Milwaukee Brewers – No. 61
- Pitcher
- Born: September 27, 1999 (age 27) Valle de la Pascua, Venezuela
- Bats: LeftThrows: Left

MLB debut
- September 30, 2021, for the Kansas City Royals

MLB statistics (through 2026 season)
- Win–loss record: 12–9
- Earned run average: 4.13
- Strikeouts: 158
- Stats at Baseball Reference

Teams
- Kansas City Royals (2021–2025); Milwaukee Brewers (2026–present);

Medals
Men's baseball
Representing Venezuela
World Baseball Classic
| Gold medal – first place | 2026 Miami | Team |

= Ángel Zerpa =

Venezuelan baseball player (born 1999)

Ángel David Zerpa (born September 27, 1999) is a Venezuelan professional baseball pitcher for the Milwaukee Brewers of Major League Baseball (MLB).

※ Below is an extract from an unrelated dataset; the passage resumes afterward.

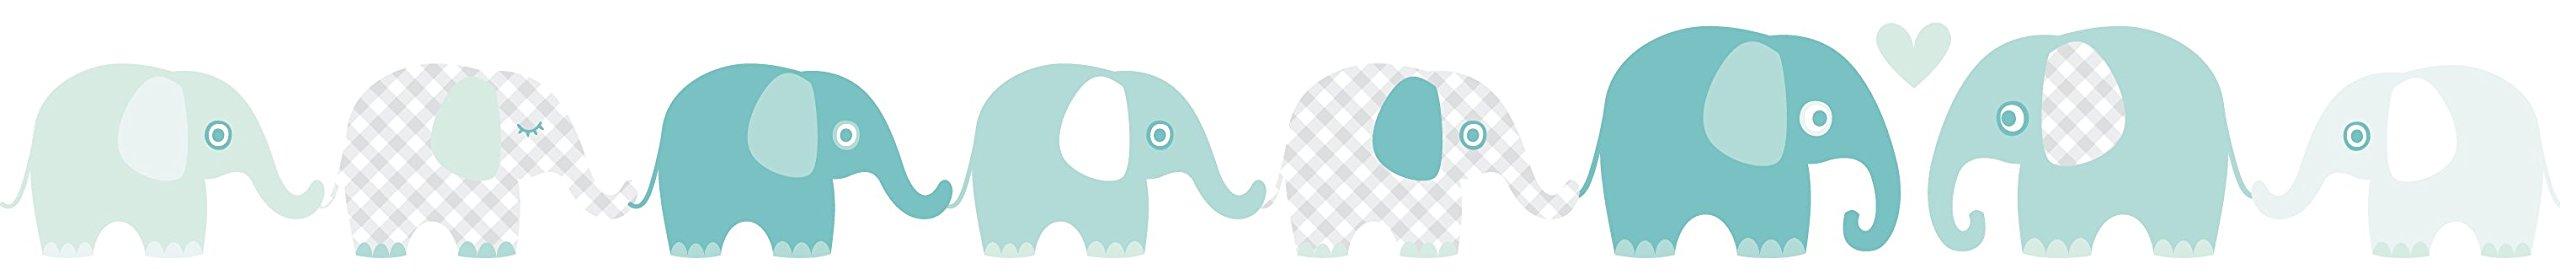 Lovely Label Bordure Selbstklebend Elefanten Mint Grau Wandbordure

He has previously played in MLB for the Kansas City Royals. He made his MLB debut in 2021.

==Career==
===Kansas City Royals===
Zerpa signed with the Kansas City Royals as an international free agent on July 26, 2016 for a $100,000 signing bonus. Zerpa made his professional debut in 2017 with the Dominican Summer League Royals, going 3–4 with a 1.84 ERA and 39 strikeouts over 63 2/3 innings. He spent the 2018 season with the Arizona League Royals, going 3–6 with a 3.88 ERA and 34 strikeouts over 48 2/3 innings. Zerpa split the 2019 season between the Burlington Royals and the Idaho Falls Chukars, going a combined 6–3 with a 3.40 ERA and 55 strikeouts over 55 1/3 innings. He did not play in a game in 2020 due to the cancellation of the minor league season because of the COVID-19 pandemic.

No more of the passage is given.